Yeah, I'd be shocked if this replaces the scroll wheel. I can see a few ways
it might complement existing input devices, though. One is for maybe a dozen
intuitive, system-wide shortcuts. Like "if I stick out two fingers and twitch
to the right within six inches of the screen, and I'm not in a touch-enabled
app, switch to the next song." (This takes too long to say -- try doing it.)
Or, "if I make the classic 'stop' hand gesture within six inches of the
screen, stop playing music." This may not sound like much, but imagine a
random non-geeky user is playing music in the background and gets a phone call
and wants to pause. I bet 25% or less of users use a system-wide shortcut for
that. I bet 75% or more would intuitively remember and use the "stop" gesture
if you showed it to them once.

A second use case is collaboration. Someone comes into my office and I turn my
screen around and show them a map of a given facility we're working on. (This
happens a couple times a week.) They want to zoom out a little and see what's
to the west of the facility. Instead of asking me to do that, they just reach
in and do it with gestures. They don't think about it, it just works.

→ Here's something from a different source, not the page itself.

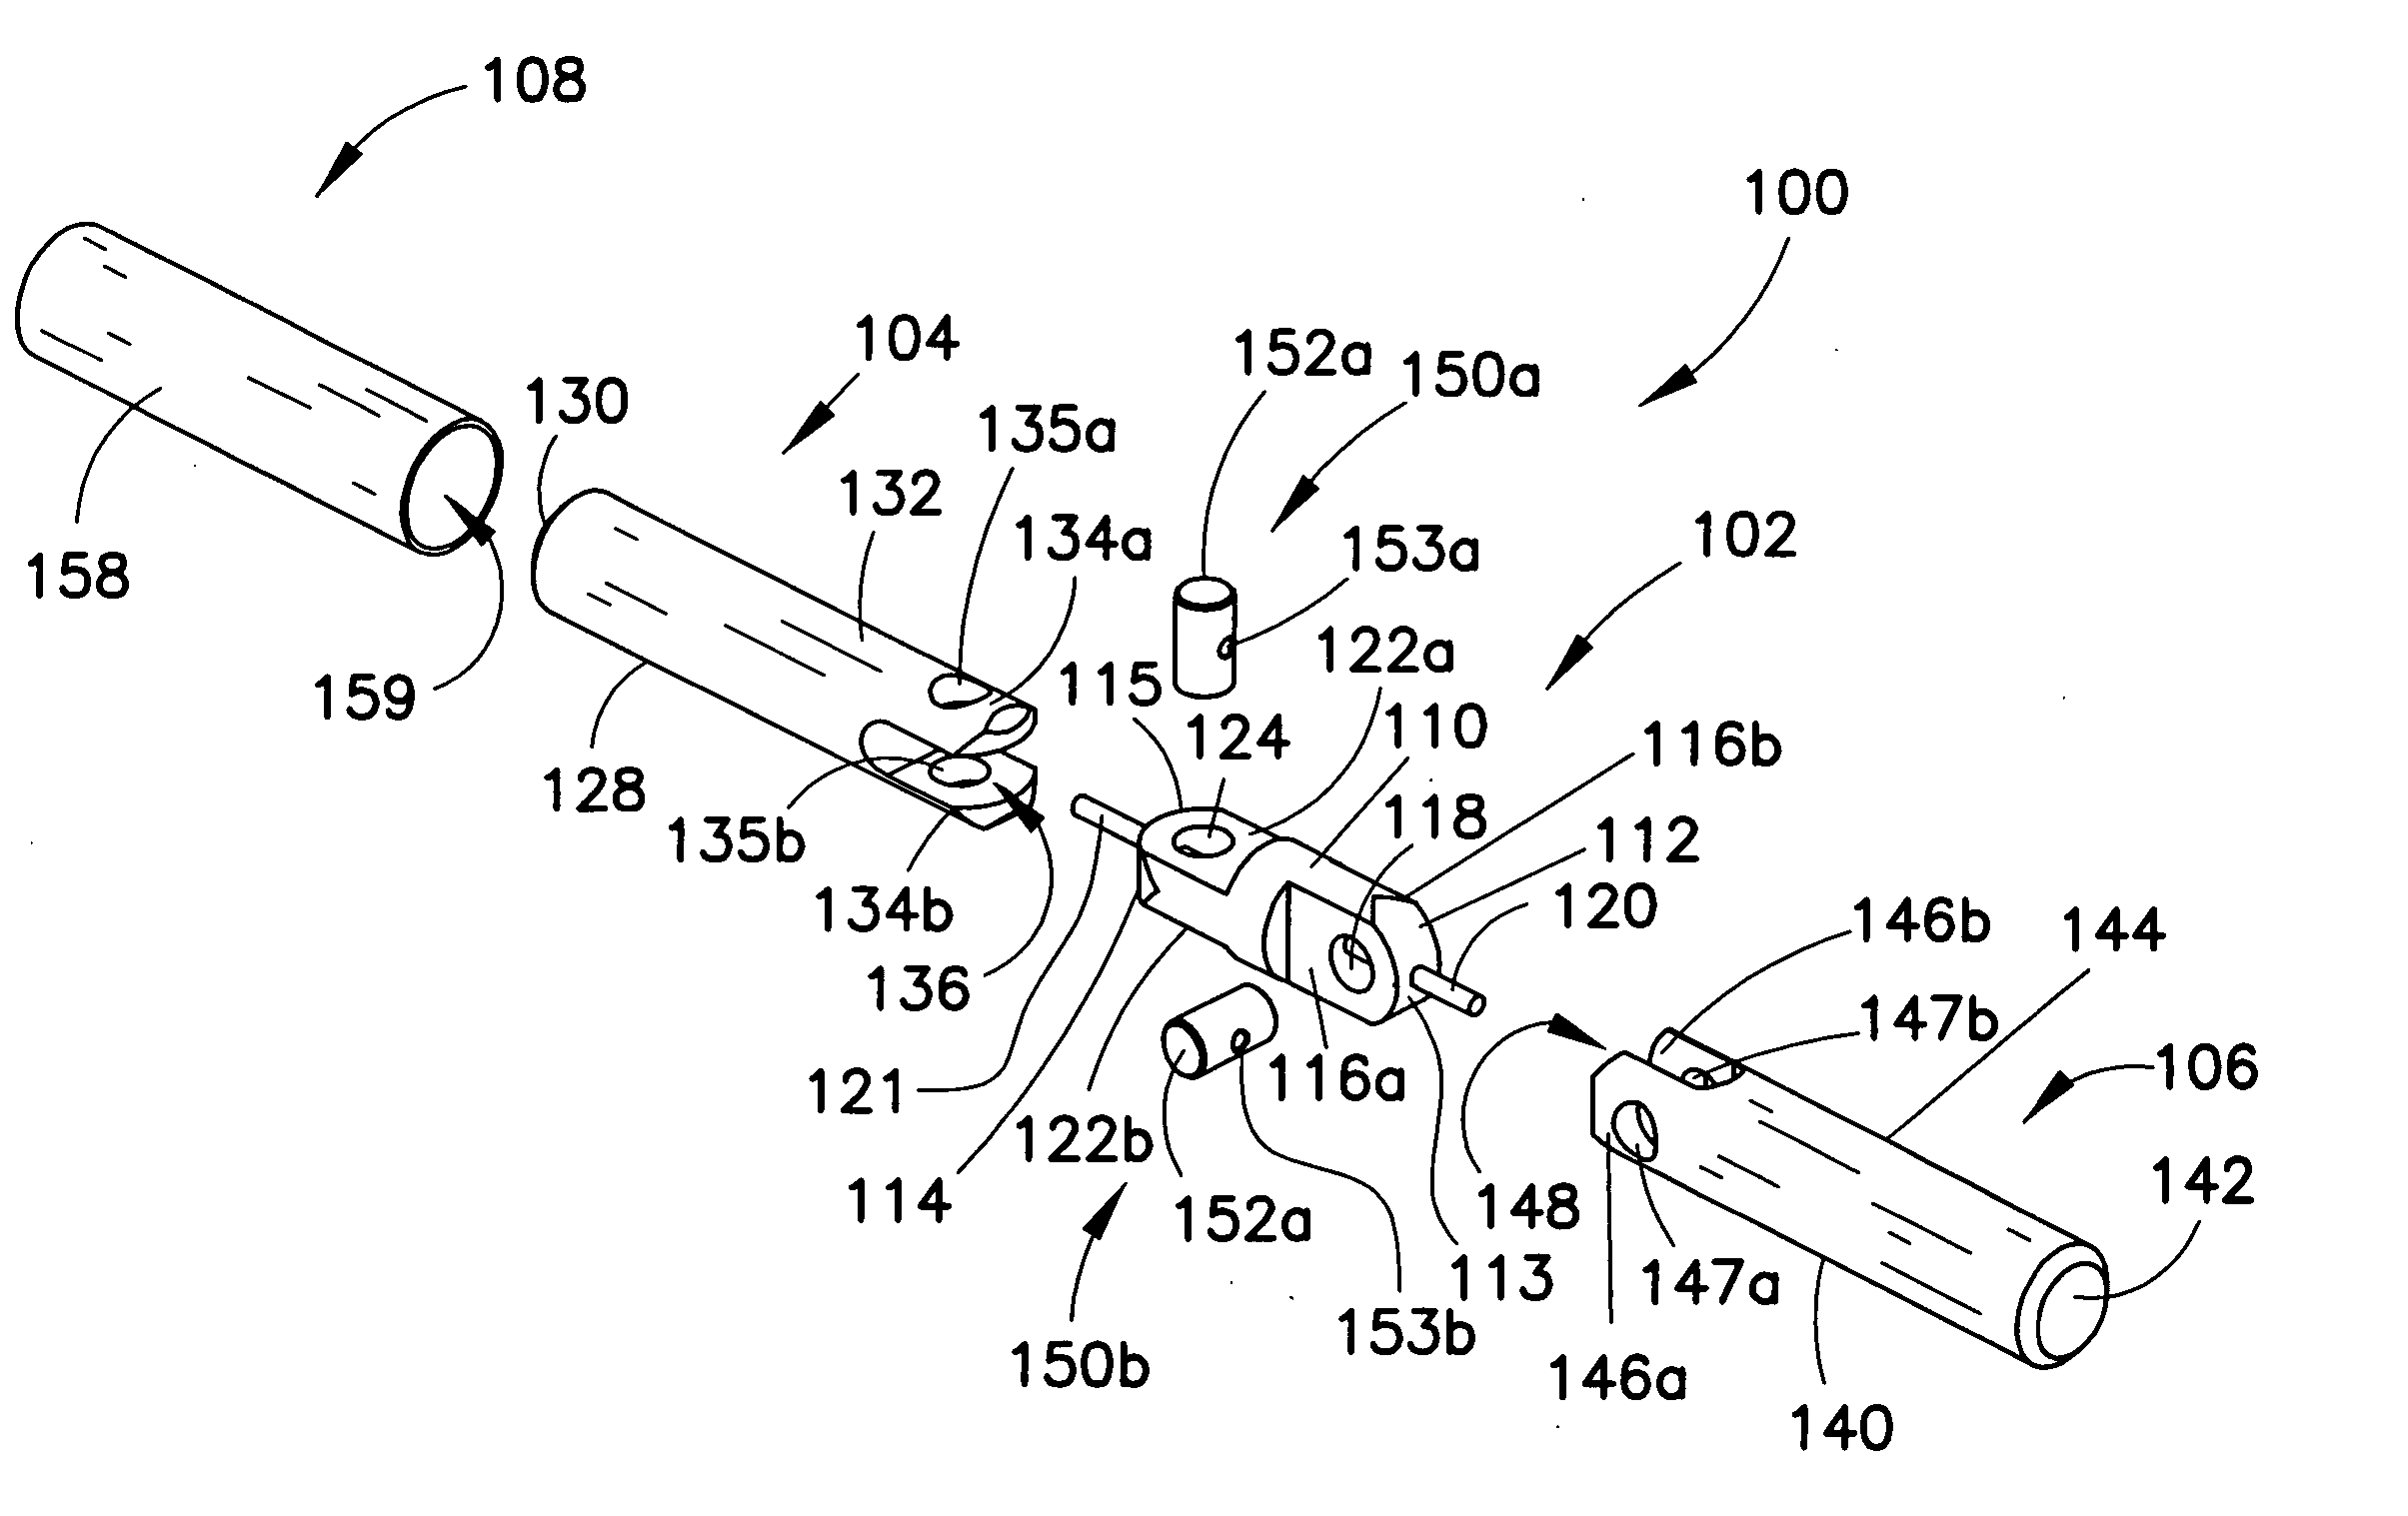 Dynamic spinal stabilization device and systems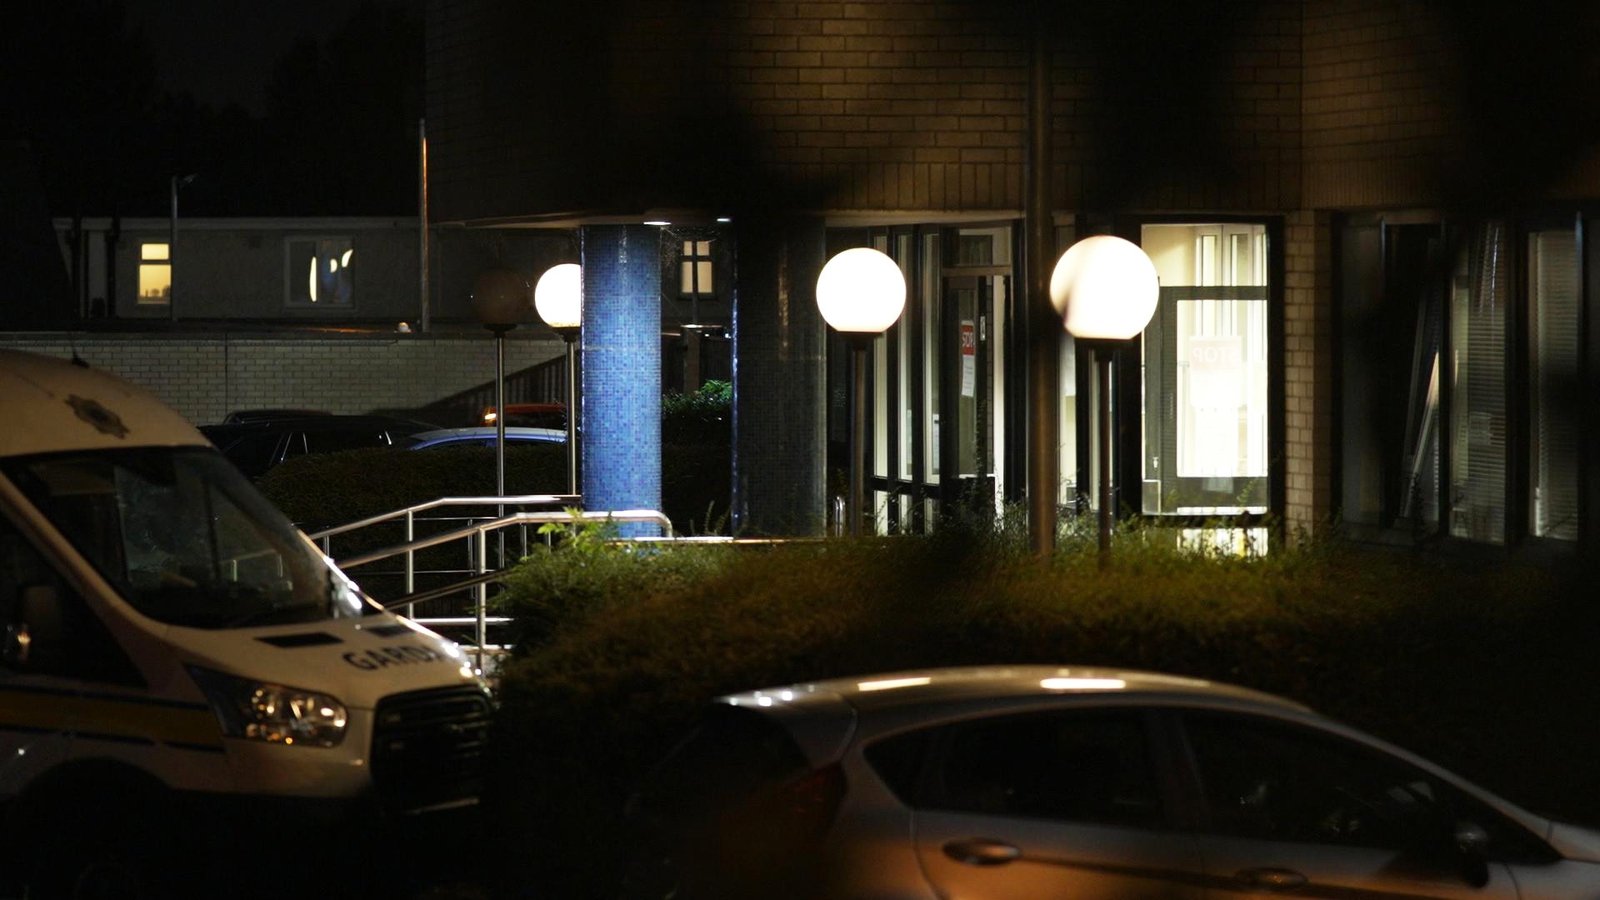 Image - Several staff members from the hospital reported their concerns relating to four patients to gardaí

The third use case is all those things we do with our hands in real life that
there's no analog for on the computer. Like, say, oil painting. Or conducting.
Or playing rock-paper-scissors. Or air guitar. Or juggling. Or ping pong.
There are a million things we do that involve _holding something in the air
and using it to cause some effect on the world_ , with little or no direct
physical feedback. There are a million more that we haven't thought of yet
because they're not physically possible (but they will be virtually possible).

I'm pretty excited about this.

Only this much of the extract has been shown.